The CRT took the opportunity to emphasize that its jurisdiction is limited to dismissals and that it has to decline jurisdiction if the case in question involves a layoff. More specifically, a dismissal occurs when the employer terminates the contract of employment for reasons relating to the employee in question; by contrast, in the event of a layoff, the contract of employment is terminated for administrative or economic reasons. Unlike the civil courts, whose jurisdiction is governed by the C.C.Q., the CRT is no longer competent to hear the case when the substantial changes to the employee's working conditions are due to economic considerations.

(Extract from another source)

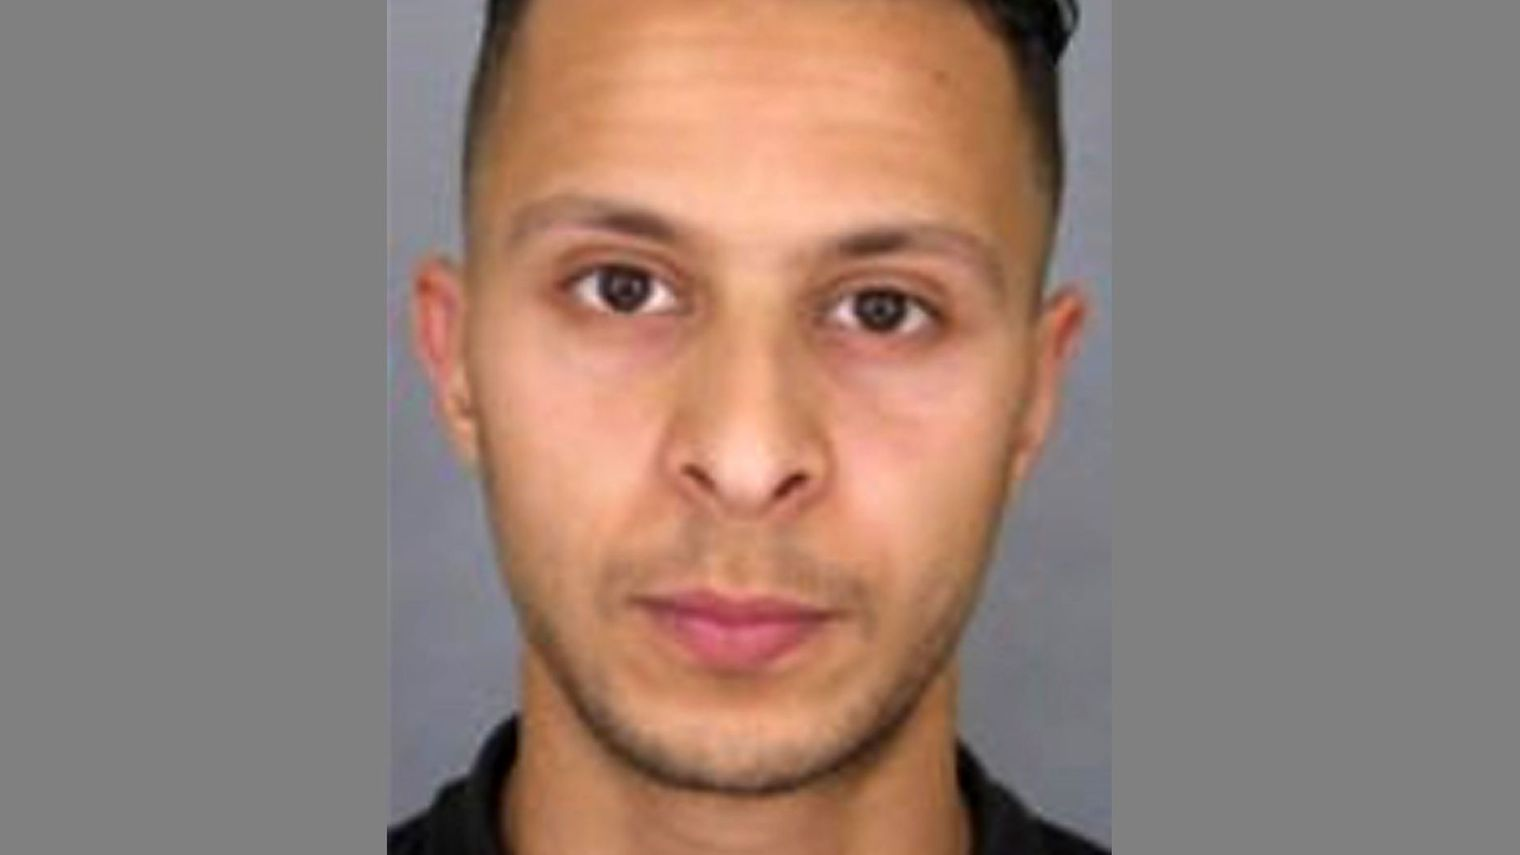 Attentats de Paris: Salah Abdeslam a quitté l'hôpital Saint-Pierre de Bruxelles

Proof of the reasons for which the employer modified the employee's contract of employment is thus always relevant. These reasons are relevant before the civil courts at the final stage, when the damages are assessed, while they are relevant before the CRT at the preliminary stage, when the CRT determines whether or not it is competent to hear the complaint. Consequently, if an employer successfully proves that its decision to modify the employee's working conditions was based on real economic reasons and that it has not acted in a discriminatory or abusive manner or in bad faith against the employee, the CRT, when asked to hear the complaint pursuant to section 124 of the LSA, will decline jurisdiction. In Dallaire c. Prolab Technolub, the CRT concluded that this was a case of constructive layoff and declined jurisdiction. Five criteria for qualifying the end of the employment relationship as constructive layoff emerge from this decision:

  1. The employer's unilateral decision
  2. To make substantial changes to the essential terms of an employee's contract of employment
  3. For economic reasons
  4. The employee's refusal to accept the said changes and
The impact of the Dallaire decision

This decision (available in French only) clarifies the second type of constructive dismissal, that is, the one where there is no malicious intent on the employer's part, and has given it a distinct name: constructive layoff. It has also specified the difference in the impact of introducing in evidence the employer's reasons in support of its decision depending on the forum where the complaint is heard. The CRT is competent to hear constructive dismissal cases, but must decline jurisdiction in the event of a constructive layoff, thus making it necessary for the case to be heard by the civil courts. In the current context where many companies are going through a restructuring process, one must conclude that the CRT will not review an employer's decision to substantially modify its employees' working conditions, even if it results in a constructive layoff.

Catherine Biron

[1]. Farber v. Royal Trust Co., [1997] 1 S.C.R. 846.

[2]. Dallaire c. Prolab Technolub inc., 2007 QCCRT 0440 (CRT).

[3]. However, this is not the very first time that the CRT mentions this notion. The CRT already dealt with the notion of constructive layoff in Leduc c. Communications Quebecor Inc. (Parlons Affaires), D.T.E. 2000T-871 (CRT).

The purpose of this document is to provide information as to developments in the law. It does not contain a full analysis of the law nor does it constitute an opinion of Ogilvy Renault LLP or any member of the firm on the points of law discussed.